**INFORMATION**
┄┄┄┄┄┄
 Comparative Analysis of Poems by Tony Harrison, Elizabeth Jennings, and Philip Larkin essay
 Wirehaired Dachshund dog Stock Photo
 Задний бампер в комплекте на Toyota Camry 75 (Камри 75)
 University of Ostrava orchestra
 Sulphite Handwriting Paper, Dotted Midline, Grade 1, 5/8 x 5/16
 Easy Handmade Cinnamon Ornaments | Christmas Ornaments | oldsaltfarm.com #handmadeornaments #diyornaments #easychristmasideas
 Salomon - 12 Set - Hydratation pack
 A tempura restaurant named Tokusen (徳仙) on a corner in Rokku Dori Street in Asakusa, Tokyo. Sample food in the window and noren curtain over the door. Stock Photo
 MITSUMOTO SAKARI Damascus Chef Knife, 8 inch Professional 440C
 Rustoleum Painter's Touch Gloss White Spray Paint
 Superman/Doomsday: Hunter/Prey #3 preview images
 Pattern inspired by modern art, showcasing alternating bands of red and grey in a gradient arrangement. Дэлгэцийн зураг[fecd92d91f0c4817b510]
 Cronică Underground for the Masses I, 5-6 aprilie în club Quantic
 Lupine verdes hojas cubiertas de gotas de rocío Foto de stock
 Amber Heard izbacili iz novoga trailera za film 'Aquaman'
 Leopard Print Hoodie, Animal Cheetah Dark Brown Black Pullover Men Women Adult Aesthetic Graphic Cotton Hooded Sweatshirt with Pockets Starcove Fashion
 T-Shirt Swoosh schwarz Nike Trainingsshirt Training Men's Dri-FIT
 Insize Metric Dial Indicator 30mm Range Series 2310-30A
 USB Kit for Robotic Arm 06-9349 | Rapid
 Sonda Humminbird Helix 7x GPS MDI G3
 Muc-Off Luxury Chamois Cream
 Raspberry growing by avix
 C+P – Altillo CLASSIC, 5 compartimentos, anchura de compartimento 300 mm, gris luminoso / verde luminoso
┄┄┄┄┄┄
Set each line down exactly, beginning at the one containing "Amber Heard izbacili" and ending at the last line of the material above.

 Amber Heard izbacili iz novoga trailera za film 'Aquaman'
 Leopard Print Hoodie, Animal Cheetah Dark Brown Black Pullover Men Women Adult Aesthetic Graphic Cotton Hooded Sweatshirt with Pockets Starcove Fashion
 T-Shirt Swoosh schwarz Nike Trainingsshirt Training Men's Dri-FIT
 Insize Metric Dial Indicator 30mm Range Series 2310-30A
 USB Kit for Robotic Arm 06-9349 | Rapid
 Sonda Humminbird Helix 7x GPS MDI G3
 Muc-Off Luxury Chamois Cream
 Raspberry growing by avix
 C+P – Altillo CLASSIC, 5 compartimentos, anchura de compartimento 300 mm, gris luminoso / verde luminoso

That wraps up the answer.